Operations propagation
An operation is propagated through the distributed database component which interacts directly with the p2p network. The prevalidator advertises its mempool (containing only operation hashes) through the ddb
. If a remote peer requests an operation, such request will be handled directly by the ddb
without going to the prevalidator. For this reason, every operation that is propagated by the prevalidator should also be in the ddb
. Conversely, an operation that we do not want to advertise should be removed explicitly from the ddb
via the Distributed_db.Operation.clear_or_cancel function. In practice, operations we do not want to propagate are those classified as Refused
or Outdated
, already included in a block, or filtered out by the plugin.
The mempool only contains operations which are in the in_mempool field and that we accept to propagate. In particular, we do not propagate operations classified as Refused
or Outdated
.
There are two ways to propagate our mempool:
- Either when we classify operations as
Applied
- Or when a peer requests explicitly our mempool
In the first case, only the newly classified operations are propagated. In the second case, current applied operations and pending operations are sent to the peer. Every time an operation is removed from the in_mempool field, it should be cleaned up in the Distributed_db.Operations requester.
There is an advertisement_delay
to postpone the next mempool advertisement if we advertised our mempool not long ago. Early consensus operations will be propagated once the block is validated. Every time an operation is classified
, it is recorded into the operation_stream
. Such a stream can be used by an external service to get the classification of an operation (via the monitor_operations RPC). Note that an operation can be notified several times if it is classified again after a flush or a replacement.

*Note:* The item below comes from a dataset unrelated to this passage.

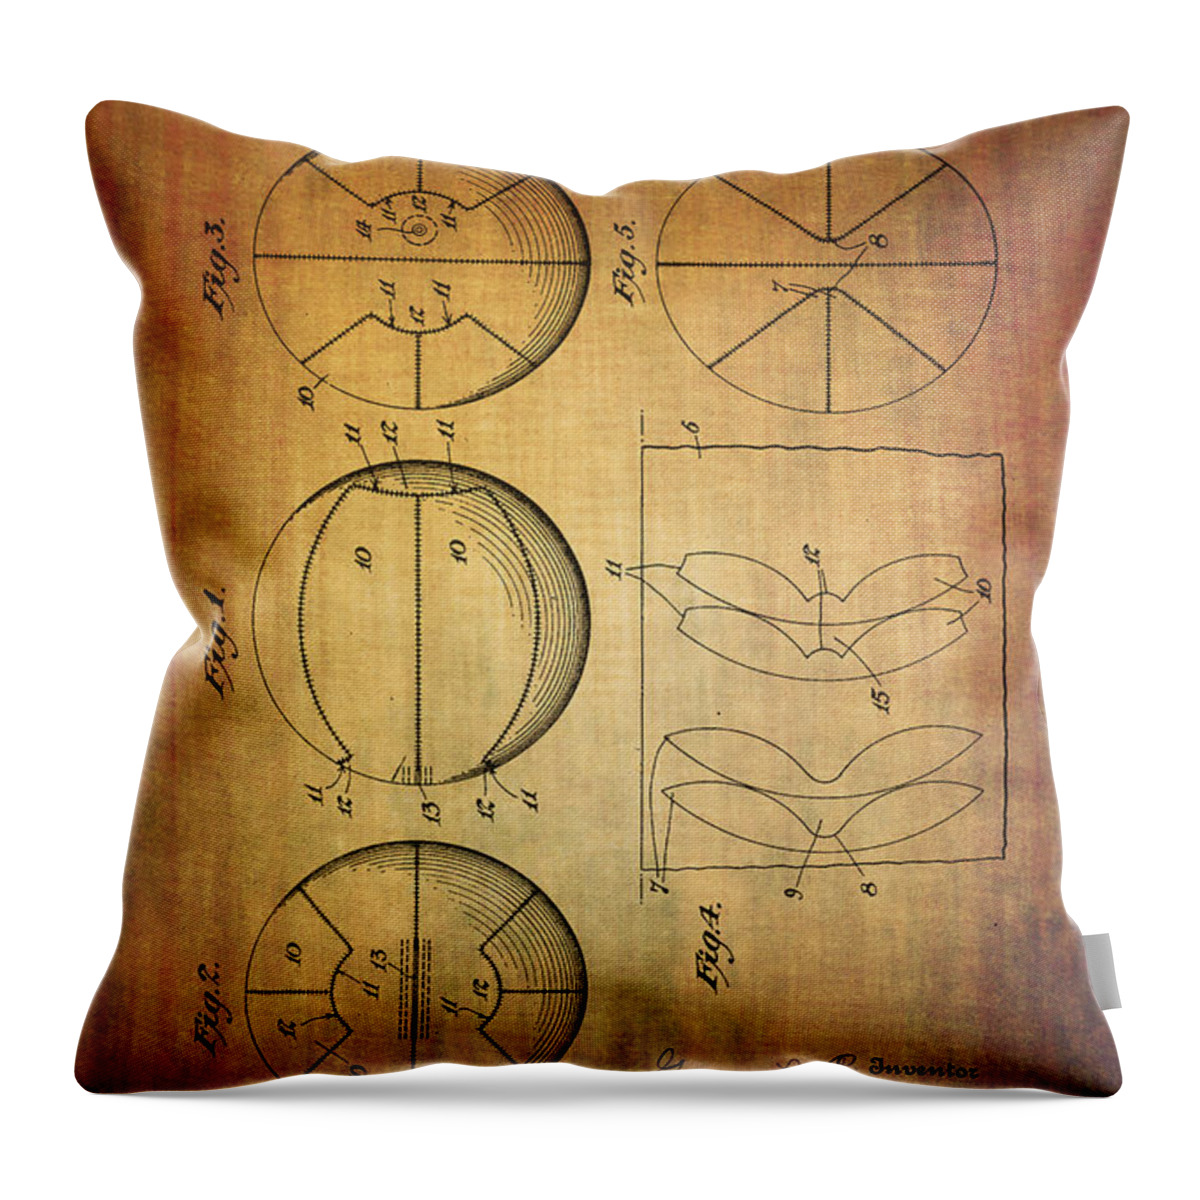 Patent Throw Pillow featuring the digital art Basket ball patent from 1929 by Eti Reid

Implementation architecture
Internally, the prevalidator implementation is split into the Requests
and the Handlers
modules. The Requests
module contains the top-level functions implementing the various requests defined in Prevalidator_worker_state. These transitions form the meat of the prevalidator implementation: that is where the logic lies. The implementation of the module is imperative: most functions return unit
instead of returning an updated value. We aim to make it functional in the future, to enforce invariants on how and where the global state is updated.
The Handlers
module implement the functions needed by the Worker Handlers API. These functions concern the lifecycle of a Worker
, such as what happens when it starts and when it is shut down. Except for initialization, the Handlers
module is mostly boilerplate.